First there was the menace of space debris, human waste in space such as non-operational satellites or old rocket stages. Debris can crash into space vehicles and instruments and damage them. NASA was forced to create the Orbital Debris Program Office to deal with the issue. But now NASA has issued guidelines to protect historic sites on the Moon, such as the Apollo 11 and 17 landing sites.
It was thought that man’s first footprints on the Moon would remain for a million years, but with the advent of space tourism, led by startups such as Virgin Galactic, the number of vehicles and people visiting the Moon is sure to rise, calling into question how long these historic sites will remain undisturbed.
NASA wants future Moon landings to be at least two kilometers from the historic sites. The reason for these guidelines is in short dust. There is no atmosphere on the Moon to support dust particles, but the lack of atmosphere means that particles once accelerated by something like a Moon landing, will travel quite fast and disturb the surrounding area.

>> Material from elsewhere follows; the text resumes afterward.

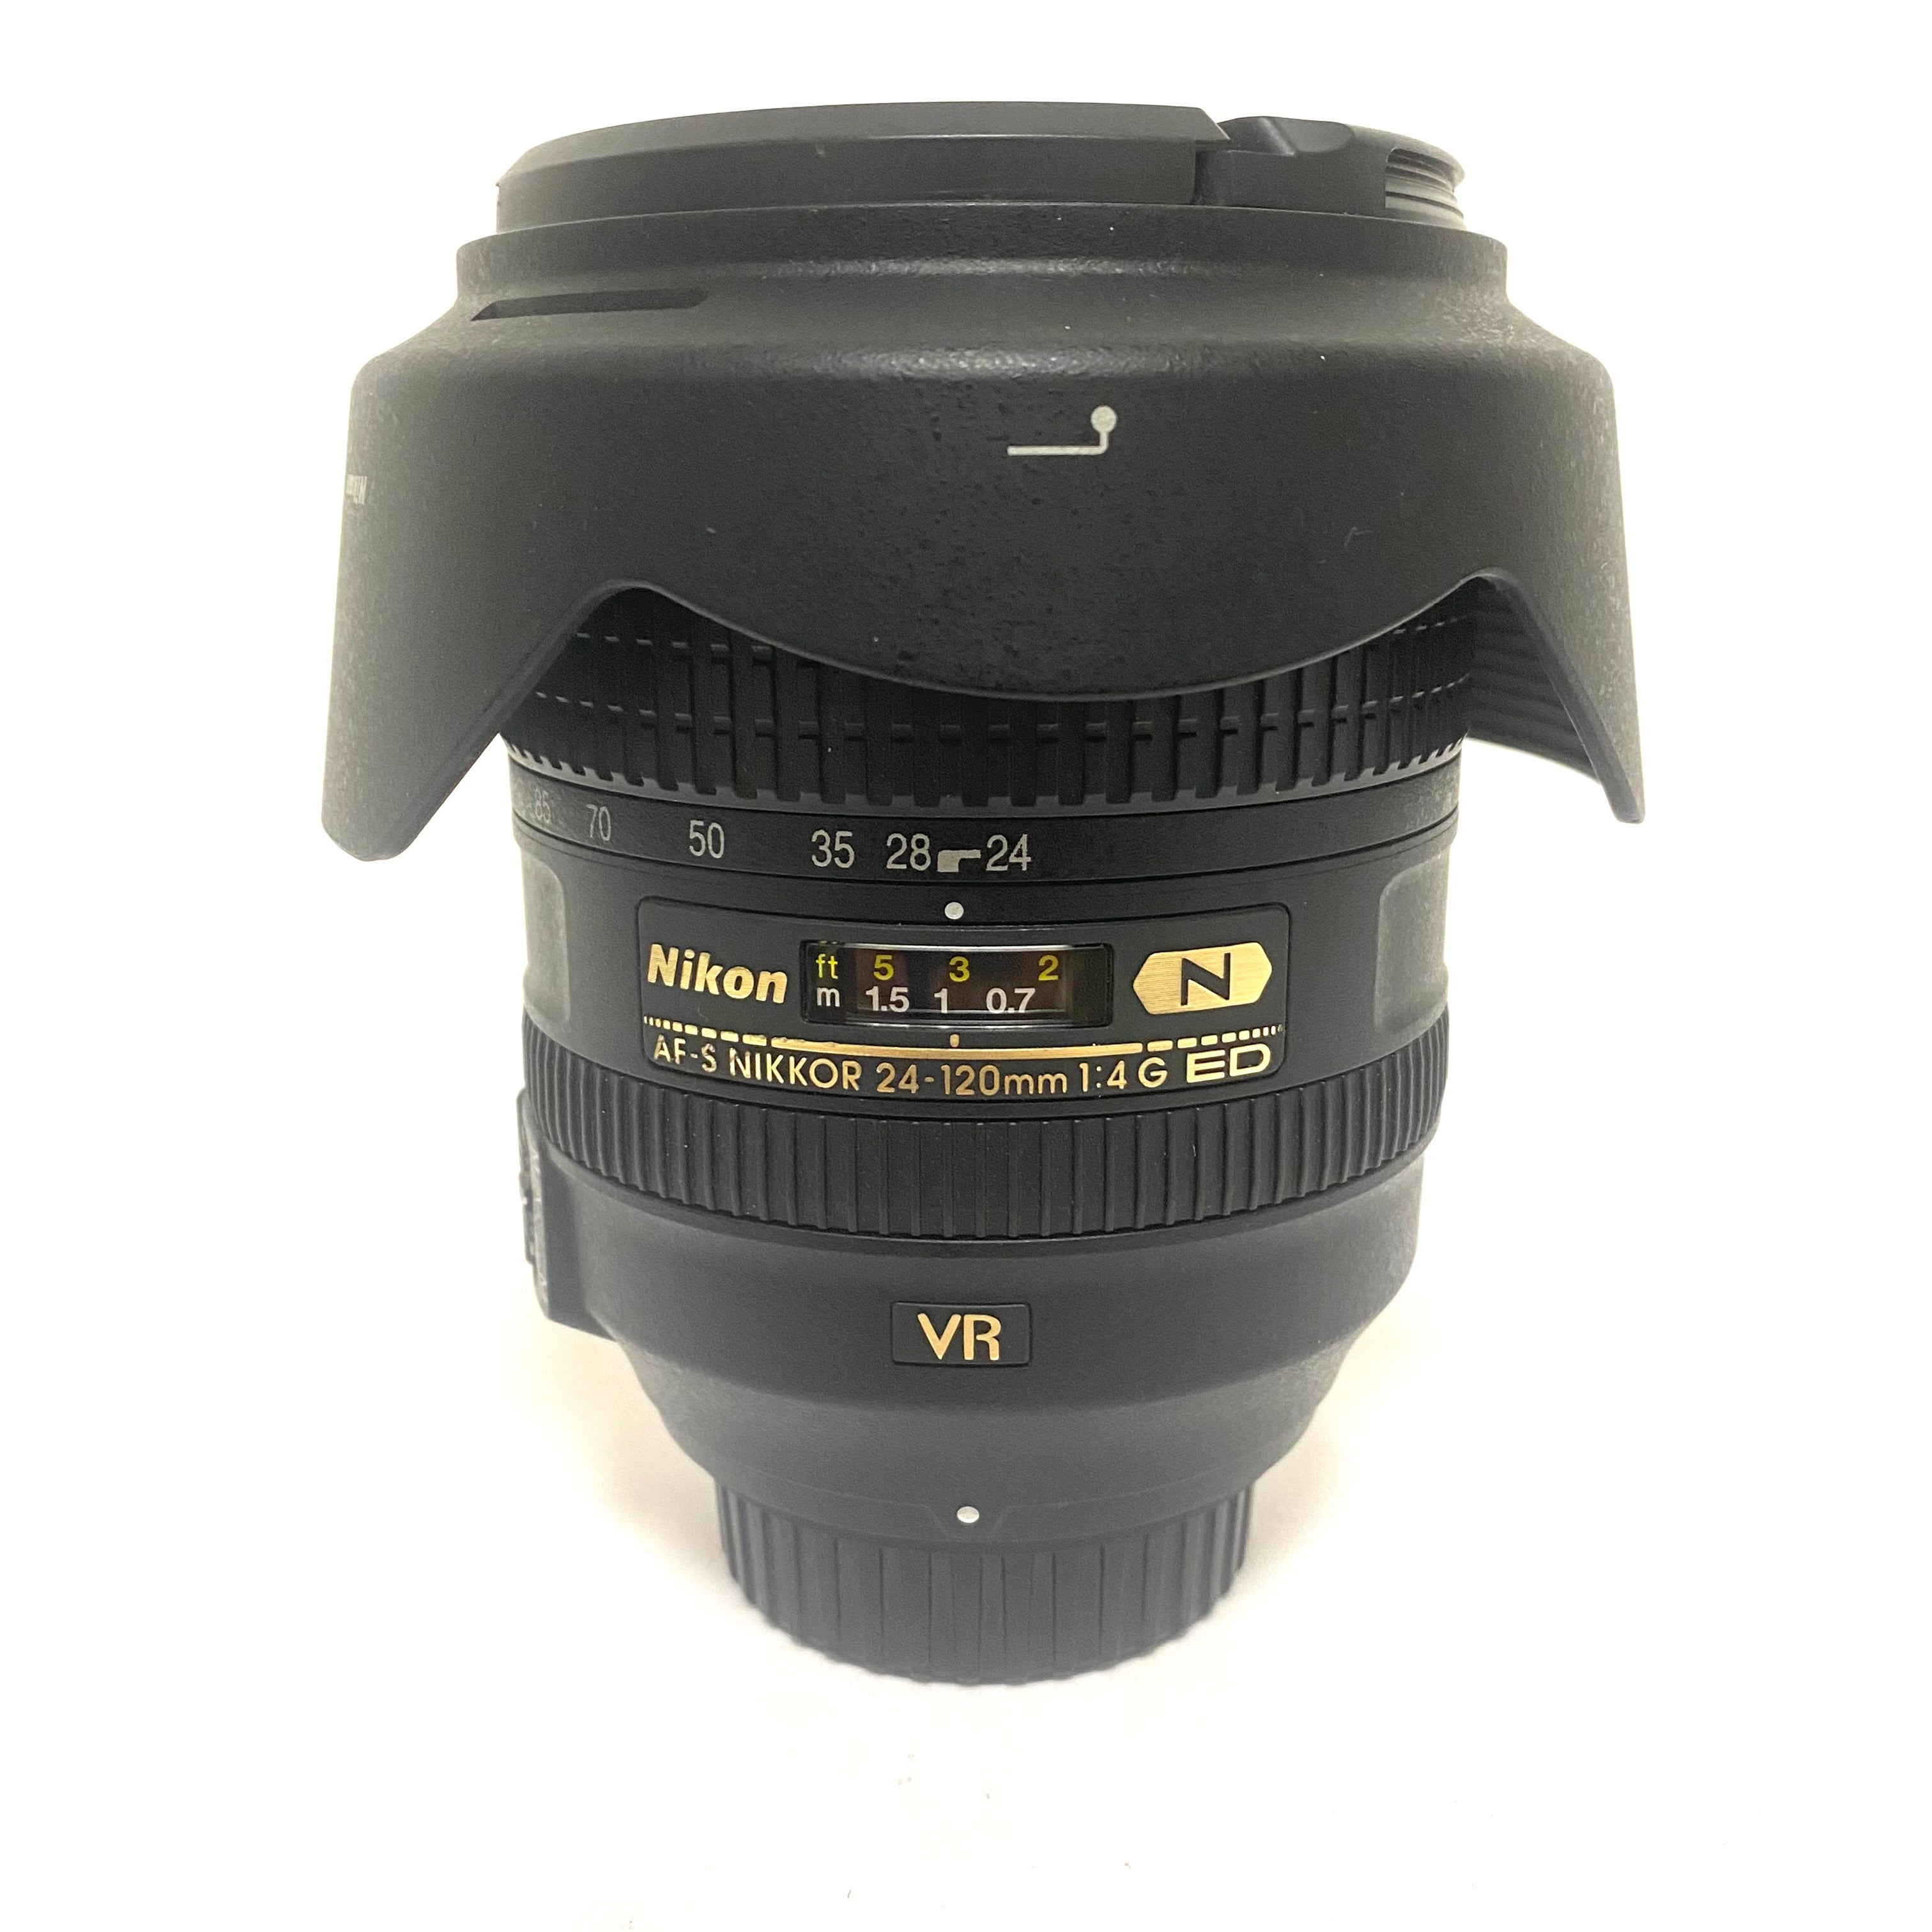 Nikon Af-s 24-120mm 1:4 G ED usato

Is this really something we should worry about? Modern explorers don’t have a very good track record. Everest is covered with trash (and a few frozen corpses), particularly at the higher altitudes where people are just worried about surviving.
Mass space tourism may seem like a long way off, but it doesn’t take too many people to make a mess of things. So expecting the worst might be perfectly reasonable in this situation. We protect our cultural legacies all of the time when we landmark buildings. It would be a travesty if a few giddy billionaires buried Neal Armstrong’s footprints under some sand, much like the pyramids of Egypt were centuries ago.
It’s easy to think worrying about a few footprints on the Moon is silly, particularly when our footprint here on Earth is having such disastrous environmental consequences. But I think it’s that imagination that put a man on the Moon that is going to help us dig our way out of the situation we are in now. So it would be a shame to lose these artifacts, because someday we might need the inspiration.
What’s not clear is what effect these new NASA guidelines will have on the conspiracy theorists who think the moon landings were a hoax. Clearly this must all be an effort by NASA to continue the coverup, right?